Northwest earned a 90 for student achievement, 85 for school progress and 94 for closing the gaps.

“As a school district, we are not in favor of the A-F rating system. Though I am pleased NISD received an A rating from the state, we use so much more to measure academic and social excellence,” said Northwest ISD Superintendent Ryder Warren. “I am extremely proud of our students and educators. The state rating system is a small piece of the overall picture we use to measure our kids, our teachers, our schools, and NISD as a whole. We continue to advocate for a community-based accountability system that looks beyond one grade and one exam. Decatur and Paradise earned B’s in the rating along with 45 percent of school districts in the state.

Decatur’s overall score was an 86. The district scored an 87 for student achievement, 83 for school progress and 84 for closing the gaps.

“In Decatur ISD, we welcome accountability in various forms and continue to raise the bar locally as well as in response to the accountability measures at the state and federal level. Our ultimate accountability is to our stakeholders and those we serve – our students, parents, staff and community,” said Decatur ISD Superintendent Judi Whitis. “We are proud of our staff for the incredible work they do each day. We know that a single test and a single grade do not define the success that is happening in DISD. A continued focus on a rigorous curriculum, quality instruction and a comprehensive assessment program will result in growth and performance on the state test and any other measures.”

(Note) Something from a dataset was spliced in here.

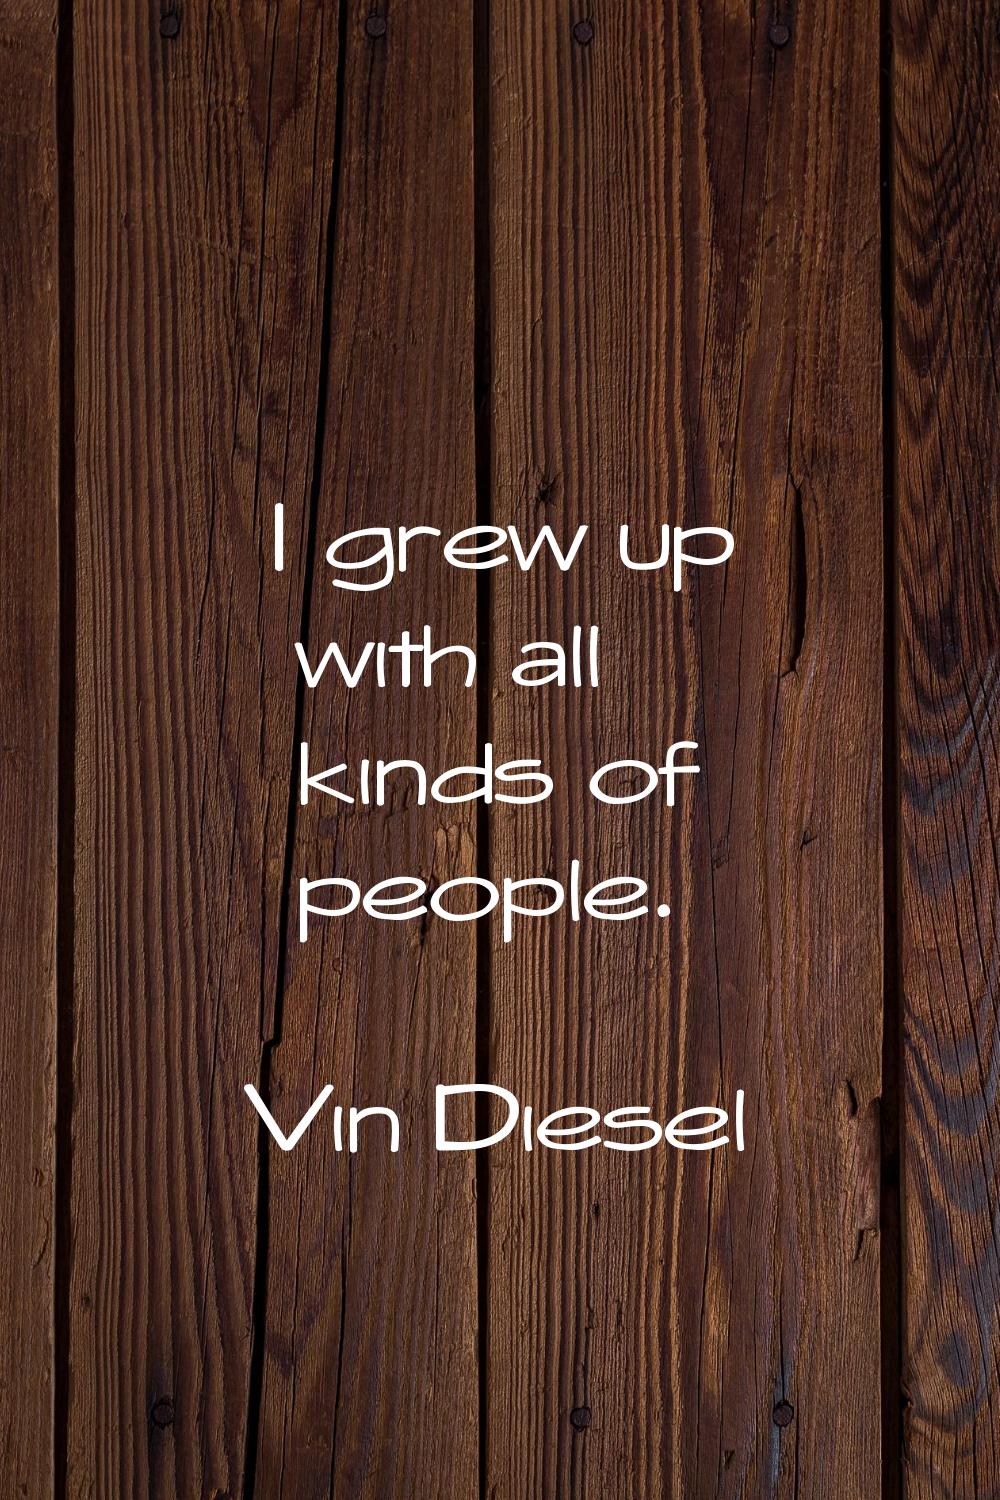 I grew up with all kinds of people.

Paradise graded out with an 83, with an 84 for student achievement, 76 for school progress and 82 for closing the gaps.

“We are pleased with the rating of a B,” said Paradise ISD Superintendent Paul Uttley. “We will celebrate our areas of strength and focus on the areas where we can improve. Our administrators, teachers and staff work diligently throughout the year to make sure that all students are successful. I am thrilled with the work that our staff does on a daily basis to meet our students where they are at, and to move them forward. I am also encouraged by the work of this Commissioner in his efforts to make sure that the strengths of the districts are recognized through this accountability system.”

Because it is a single-campus district, Slidell was assigned the rating of met standard with an overall grade of 80. The district had an 80 for student achievement, 84 for school progress and 72 for closing the gaps.

“We are focused on the education of each individual kid,” said Slidell ISD Superintendent Greg Enis. “We don’t even talk accountability with our staff. We are just focused on the kids we have.”

Along with Boyd, Bridgeport and Chico received C’s.

Bridgeport graded out with a 79. The district scored a 76 for student achievement, 80 for school progress and 76 for closing the gaps.

“We were one point from a B. We were excited about the areas where we improved,” said Bridgeport ISD Superintendent Brandon Peavey. “The information provided areas of opportunity to improve. But I’m sure a single grade is not a true reflection of the work and ability of our students. We’ll take the information, roll up our sleeves and work to continue improving.”

Chico received a score of 78 with a 75 for student achievement, 79 for school progress and 76 for closing the gaps.

Chico ISD Superintendent Don Elsom was critical of the new system.

“The idea that you can take everything a school does in a year’s time and put it into a letter grade is still ludicrous,” Elsom said. “Chico ISD met standard on all of the state’s accountability benchmarks. We received a C overall grade with a scale score of a 78. Do I believe this means anything? No, I do not. I bet you could not even tell me what the 78 scale score means or even where it comes from. We will take the information in the report and use it to evaluate whether or not we are doing our best. If we are, we will do everything we can to keep doing it. If not, we will work to improve ourselves.”

Elsom also pointed out that school districts throughout the state outperformed charter schools.

“While 96 percent of non-profit public schools met the standard and only 90 percent of charter schools did,” Elsom said.